The chances are good that you think of photo-covered fridges when you hear the word "magnet." But in her lab at Brookhaven National Laboratory's Materials Department in Upton, N.Y., materials scientist Laura Henderson Lewis thinks of fantastically stronger, smaller materials levitating trains and shrinking data-storage devices.

Lewis, who studies nanocrystalline magnetic materials, builds magnets from the atom up. Most matter is made of chunks of material from 1 micron (a millionth of a meter) to 100 microns across.

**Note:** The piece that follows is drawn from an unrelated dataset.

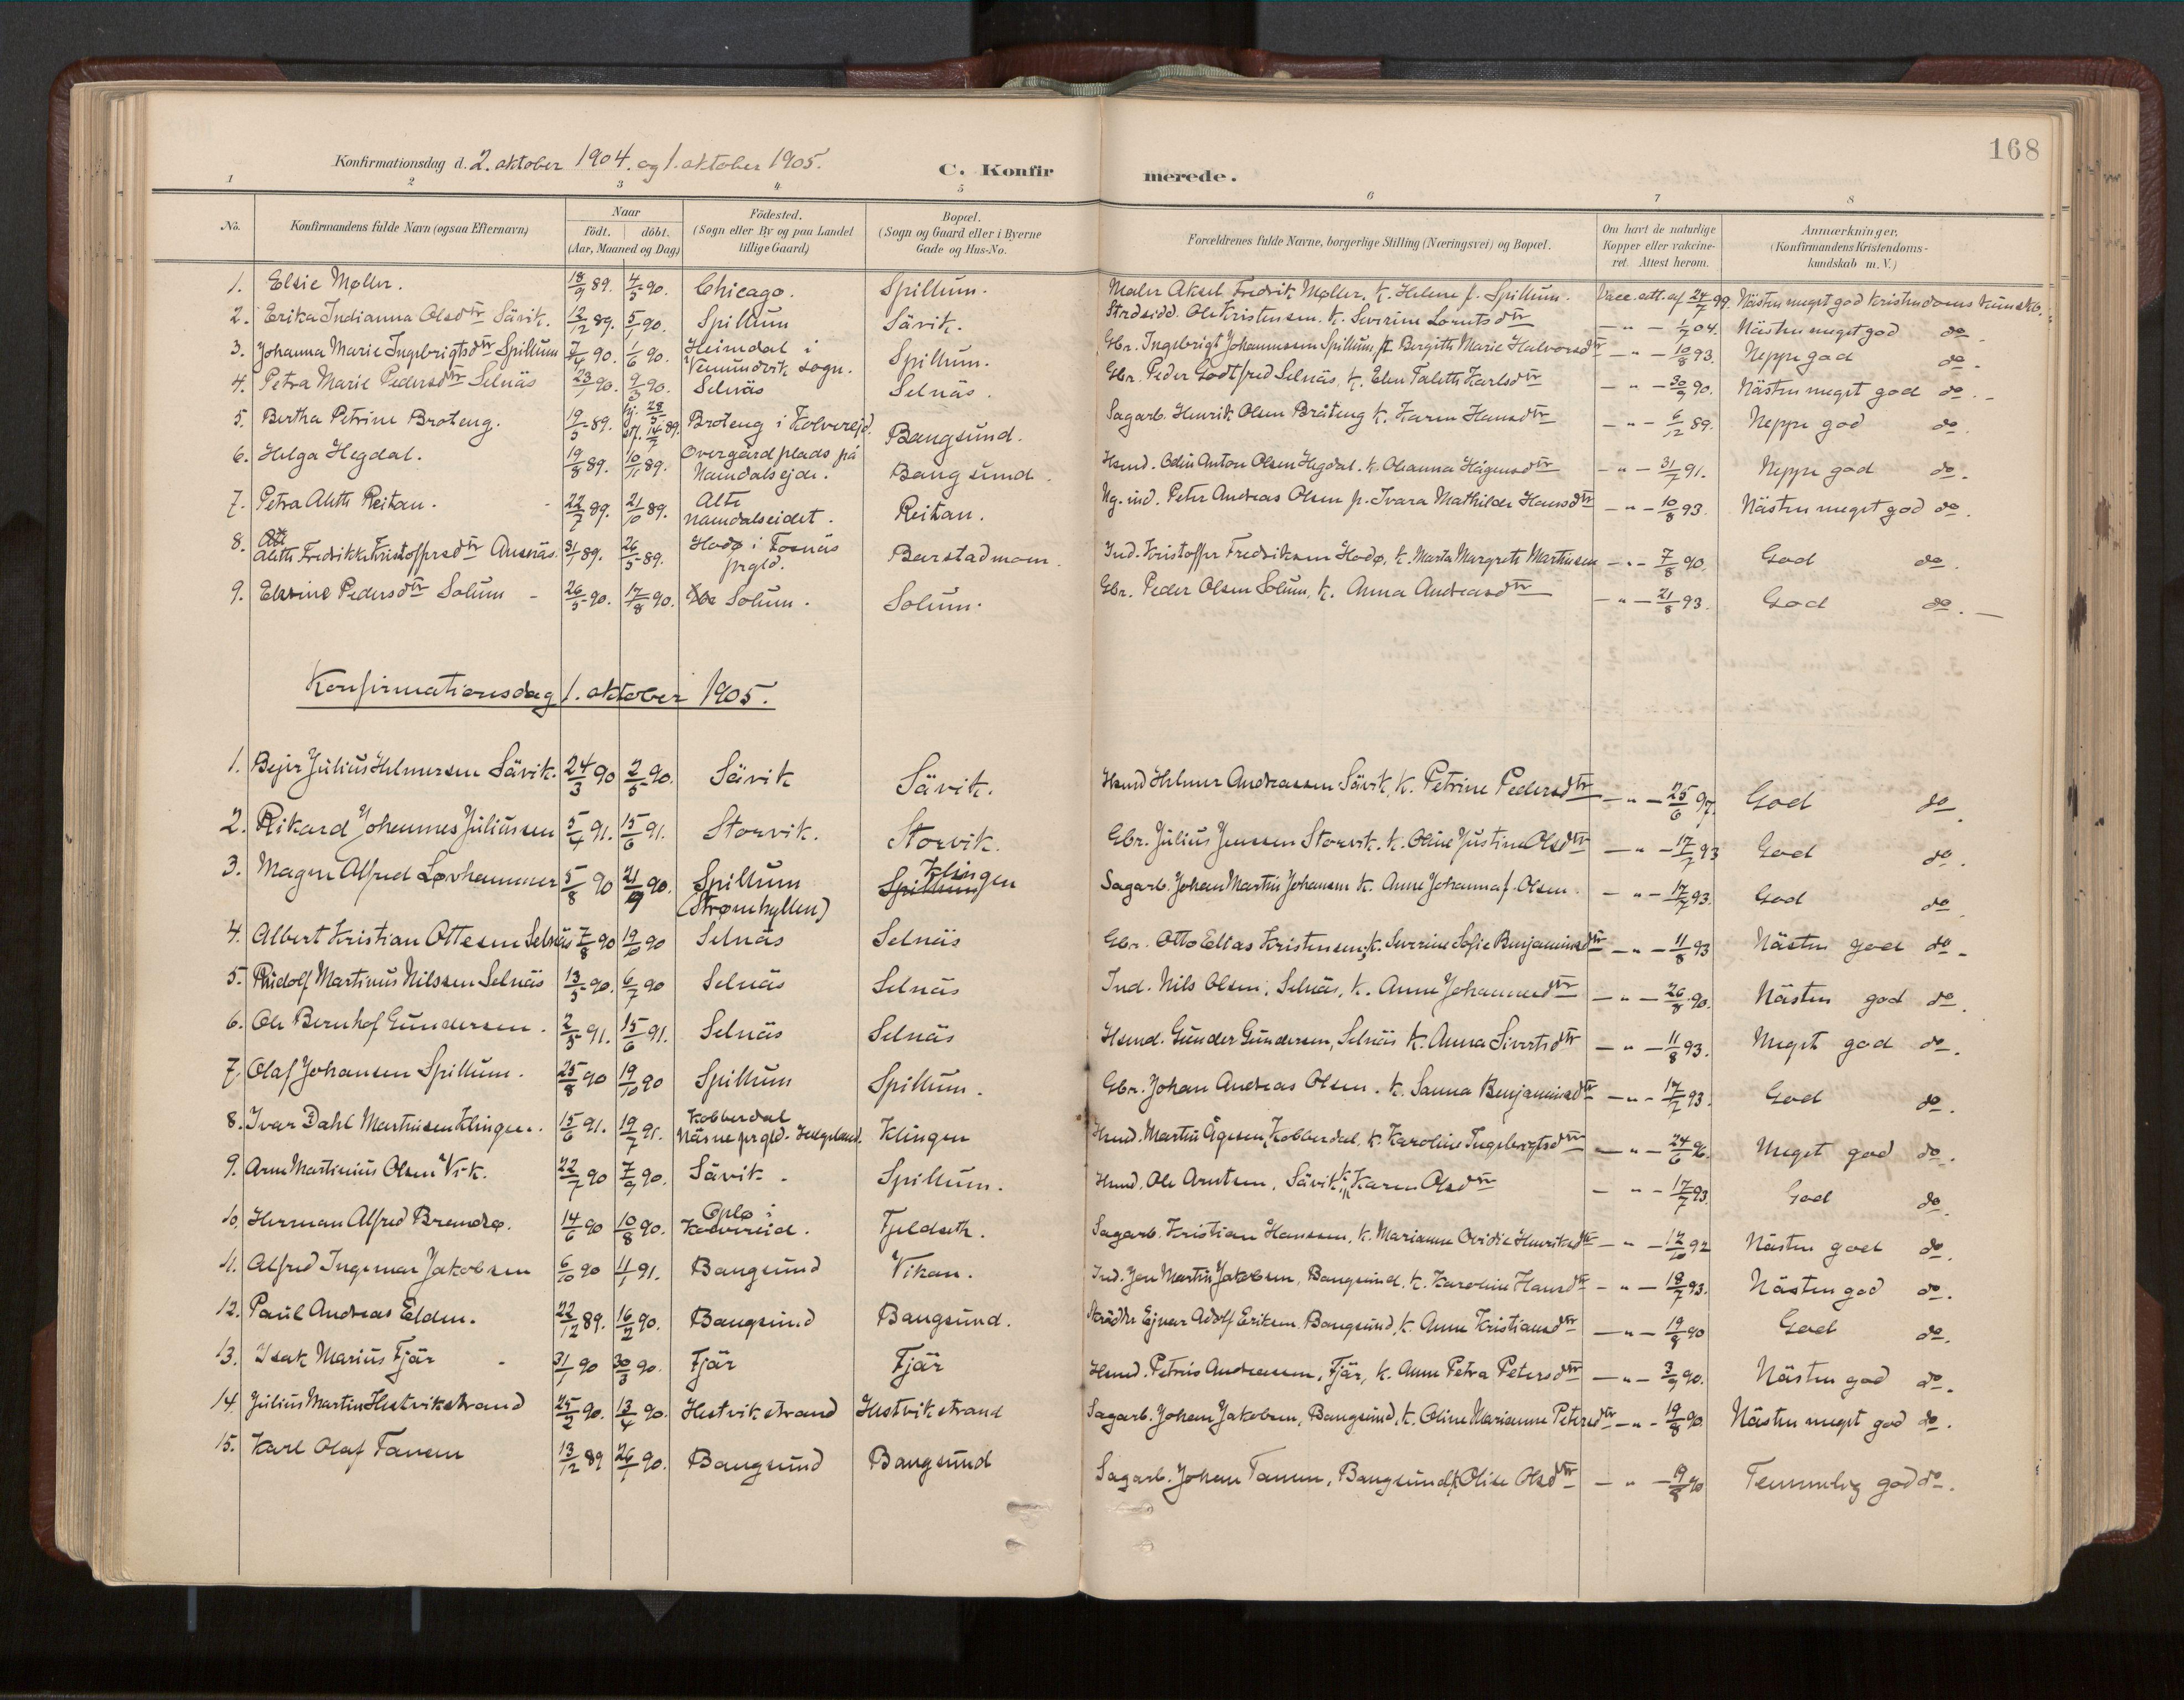 SAT, Ministerialprotokoller, klokkerbøker og fødselsregistre - Nord-Trøndelag, 770/L0589: Ministerialbok nr. 770A03, 1887-1929, s. 168

But Lewis works with magnets made of tiny crystals a mere 10 to 100 nanometers (or billionth of a meter), which makes her magnets much more versatile.

Nanocrystalline magnets can be custom-built far stronger and to more exacting specifications than standard magnets. They're already used in medical equipment, antilock brake sensors, and other devices. "They're more expensive, so they're reserved for the high-end issues where performance really outshines cost," says Lewis. They're also often used in data storage, where manufacturers can isolate each crystal to make sure individual magnetically recorded packets of data don't bleed into each other, causing loss of data.

In the future, as scientists learn more about how they can structure these materials, nanocrystalline magnets will become stronger, more precise, and more useful, particularly in data storage, where the size of storage media will shrink at the same time its able to hold more information. Thanks to more tightly packed crystals, these materials are expected to offer at least 10 times as much storage within a few years. They also might show up in tomorrow's transportation systems; nanocrystal magnets would be strong enough to levitate trains without the electrical demands and superconductivity of today's bullet trains.